We run all methods over the dataset and show:
- Accuracy
- Average generated tokens

We want to answer this question: does adding more compute at inference time give us a higher accuracy?

In [None]:
def evaluate_all(df: pd.DataFrame) -> pd.DataFrame:
    rows = []

    for _, r in df.iterrows():
        q, gold = r["q"], r["a"]

        base = run_baseline(q)
        rows.append(
            {
                "method": "baseline",
                "id": r["id"],
                "pred": base["pred"],
                "gold": gold,
                "correct": exact_match(base["pred"], gold),
                "tokens": base["tokens"],
            }
        )

        cot = run_cot(q)
        rows.append(
            {
                "method": "cot",
                "id": r["id"],
                "pred": cot["pred"],
                "gold": gold,
                "correct": exact_match(cot["pred"], gold),
                "tokens": cot["tokens"],
            }
        )

        vote = cot_majority_vote(q, n=5)
        rows.append(
            {
                "method": "cot_vote(n=5)",
                "id": r["id"],
                "pred": vote["vote"],
                "gold": gold,
                "correct": exact_match(vote["vote"], gold),
                "tokens": vote["tokens"],
            }
        )

        tot = tot_one_step(q, k=6)
        rows.append(
            {
                "method": "tot(k=6)",
                "id": r["id"],
                "pred": tot["pred"],
                "gold": gold,
                "correct": exact_match(tot["pred"], gold),
                "tokens": tot["tokens"],
            }
        )

    return pd.DataFrame(rows)


pretty_print_section("Running full evaluation", "Methods: baseline | cot | cot_vote(n=5) | tot(k=6)")
results = evaluate_all(df)
results

In [None]:
summary = (
    results.groupby("method", as_index=False)
    .agg(
        accuracy=("correct", "mean"),
        avg_tokens=("tokens", "mean"),
    )
    .sort_values("avg_tokens")
)

pretty_print_section("Summary table", "Accuracy + Avg generated tokens")
summary

## Plot: accuracy vs compute

We will compute proxy = average generated tokens.


In [None]:
plt.figure(figsize=(8, 5))
plt.plot(summary["avg_tokens"], summary["accuracy"], marker="o")

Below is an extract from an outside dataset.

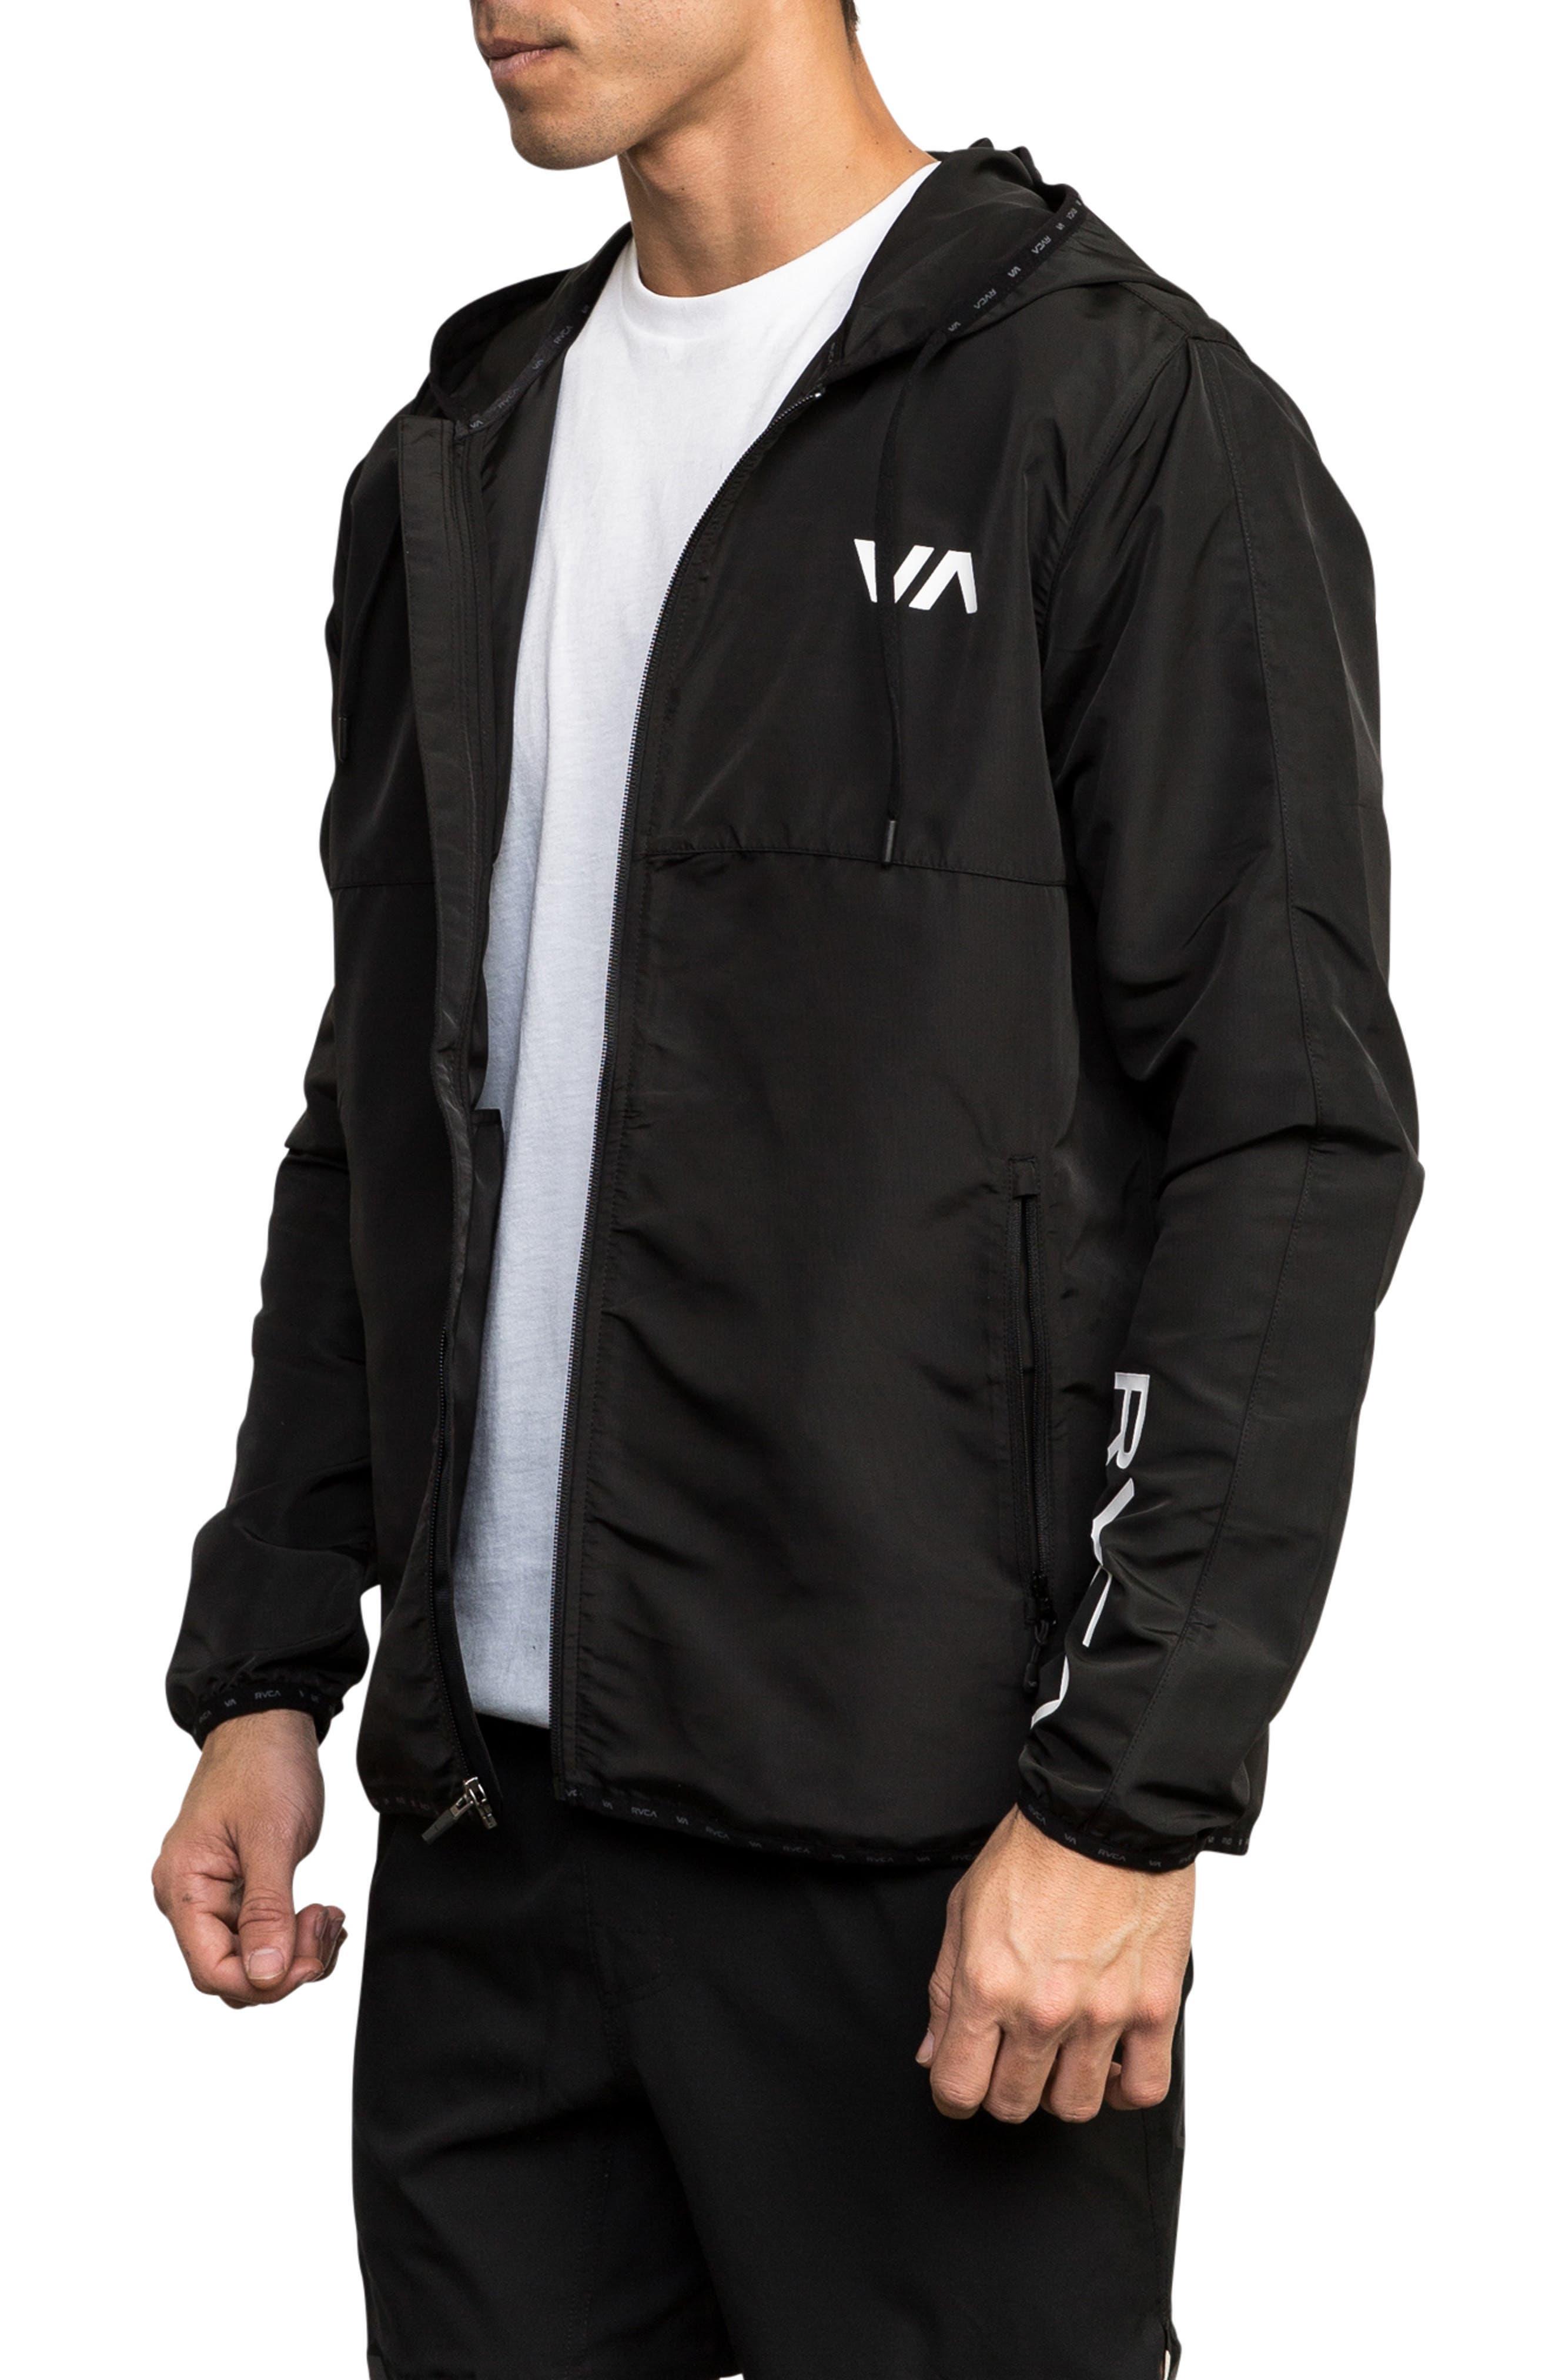 Axe Packable Water Resistant Jacket,                             Alternate thumbnail 3, color,                             BLACK

for _, row in summary.iterrows():
    label = row["method"]
    plt.text(row["avg_tokens"], row["accuracy"] + 0.01, textwrap.fill(label, width=18), fontsize=9)

plt.xlabel("Average generated tokens (compute proxy)")
plt.ylabel("Accuracy")
plt.title("Inference-Time Scaling: Baseline → CoT → Voting → ToT")
plt.grid(True)
plt.ylim(0, 1.05)
plt.show()